### Task
Your copy begins at the line with "BMW Classic Pillow BMW 507" and runs through the end of the data below. Set down only those lines exactly, without pictures.

### Data shown
# # # # #

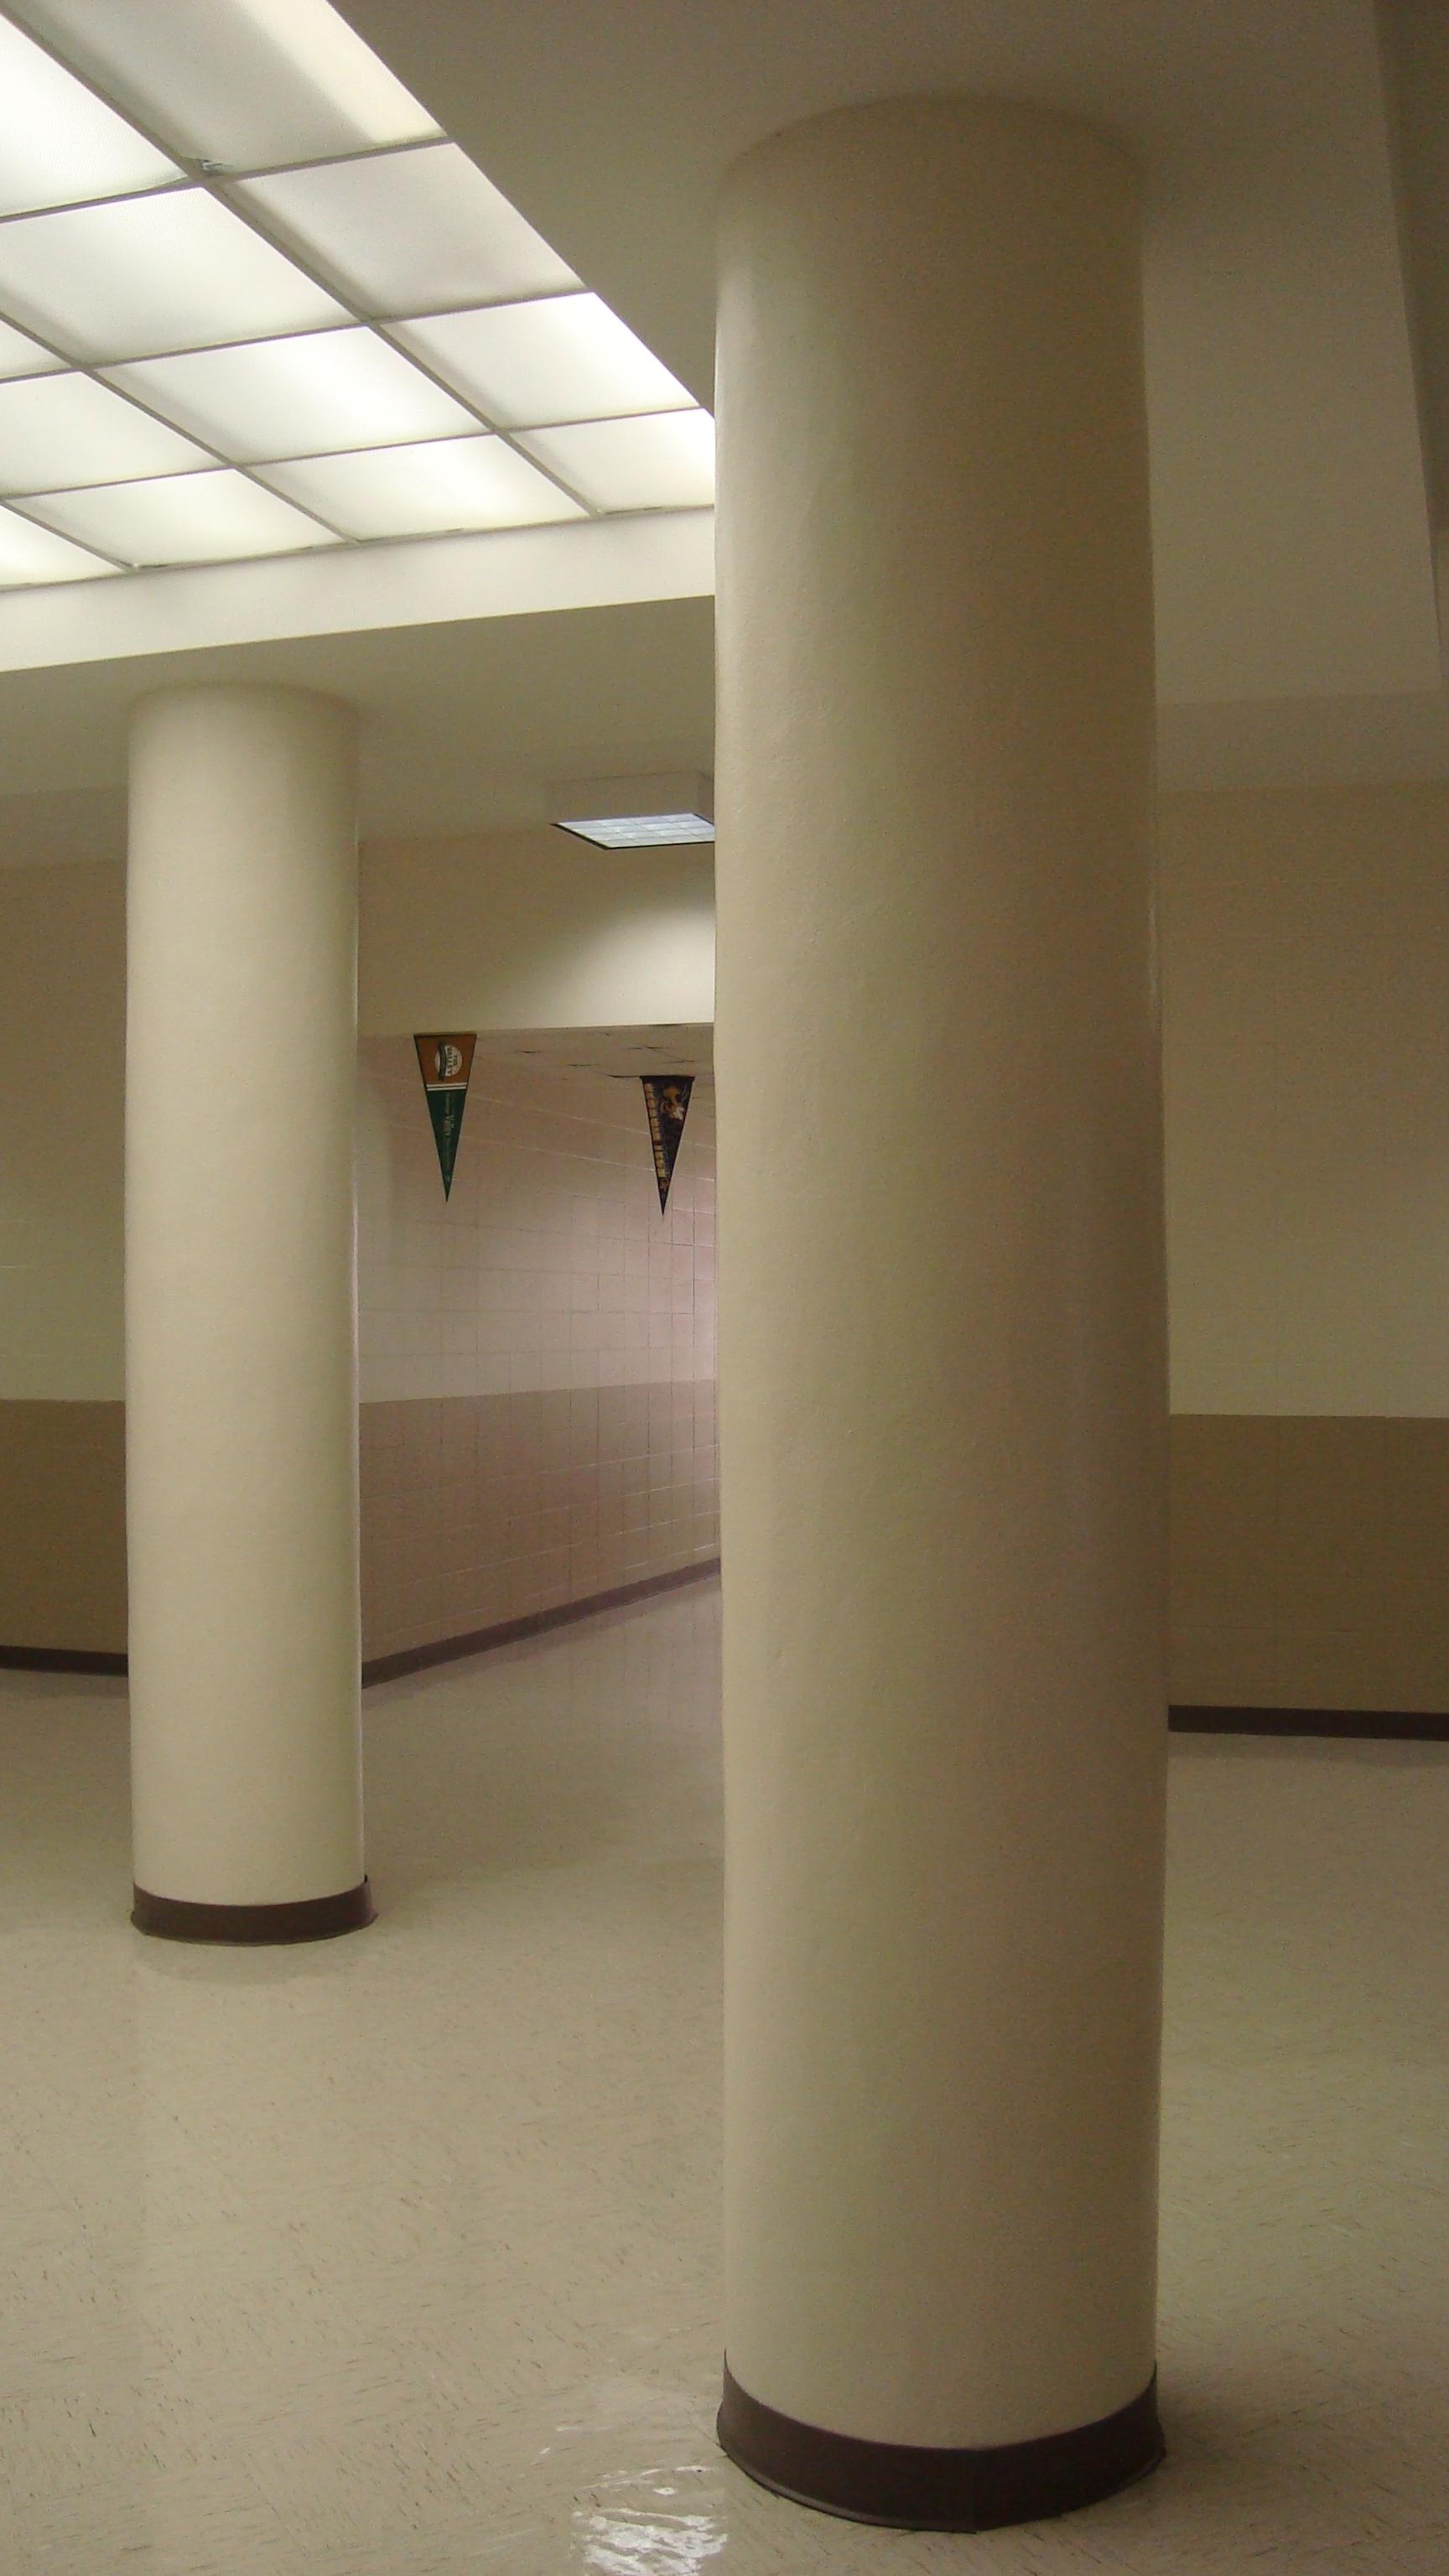 Corridor JL N After.JPG
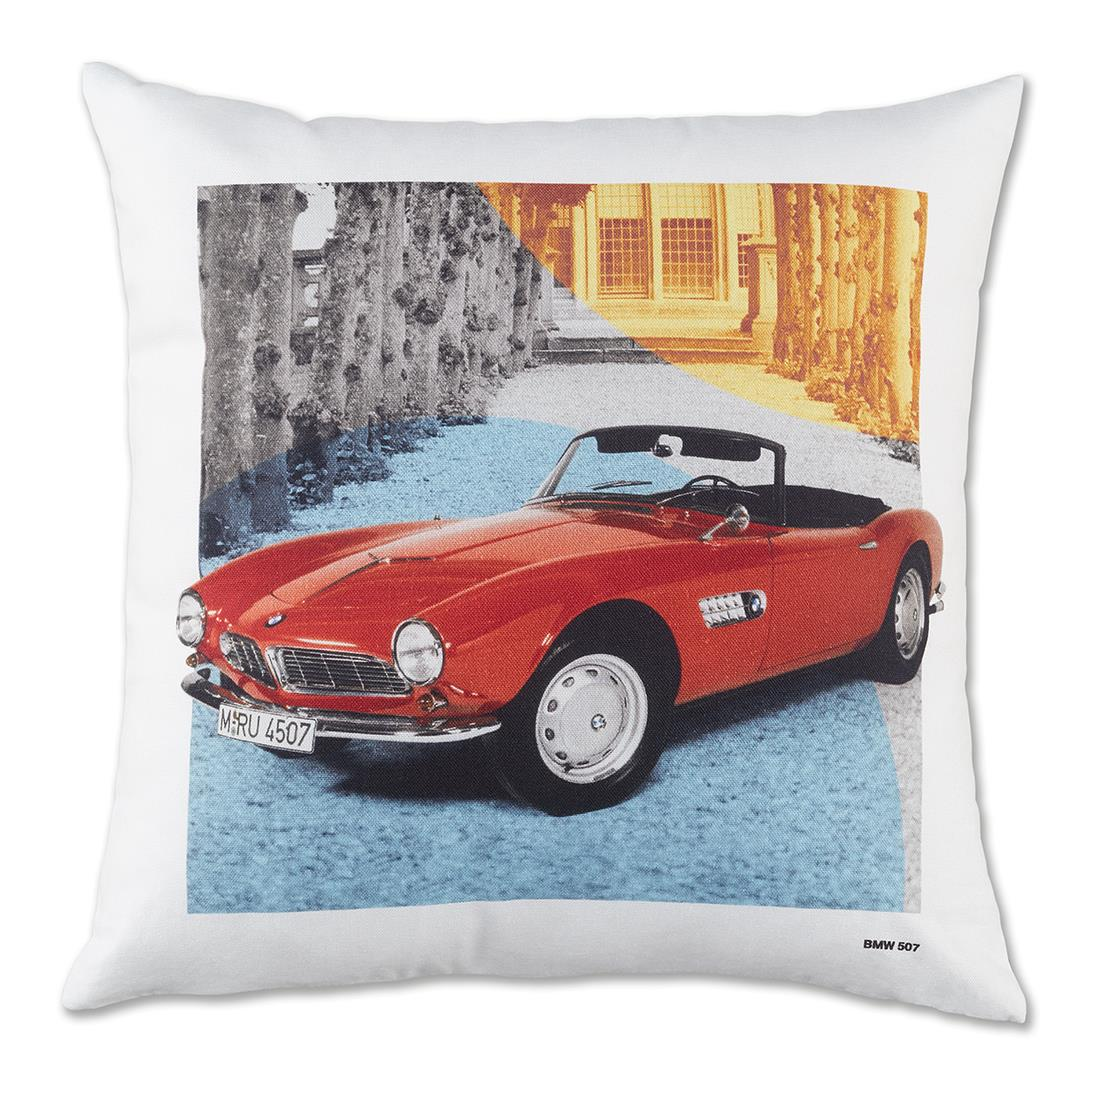 BMW Classic Pillow BMW 507
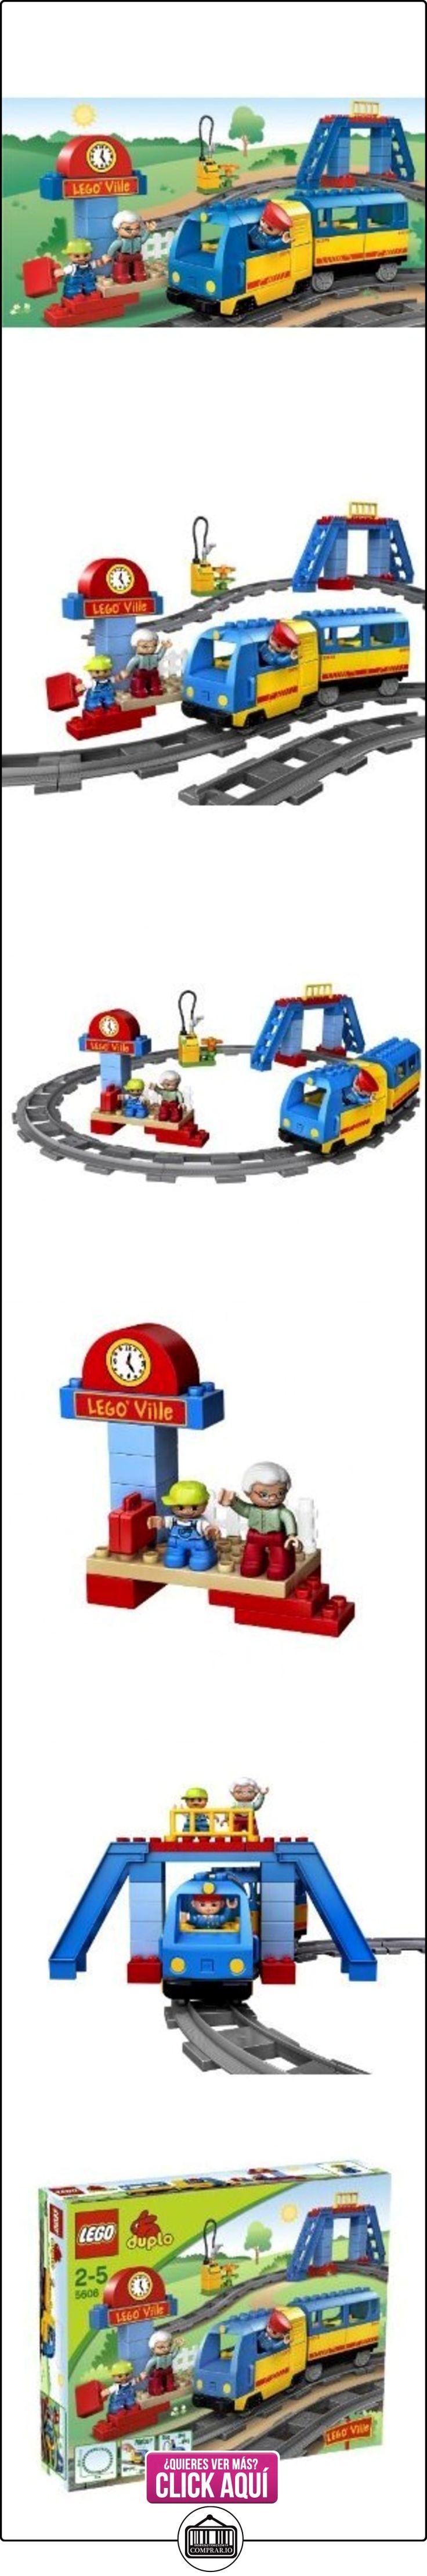 Lego Duplo Train Start Set 5608 LEGO parallel import goods (japan import)  ✿ Lego - el surtido más amplio ✿ ▬► Ver oferta: https://comprar.io/goto/B005ZCEJIW

# # # # #

### Answer section
 BMW Classic Pillow BMW 507
 Lego Duplo Train Start Set 5608 LEGO parallel import goods (japan import)  ✿ Lego - el surtido más amplio ✿ ▬► Ver oferta: https://comprar.io/goto/B005ZCEJIW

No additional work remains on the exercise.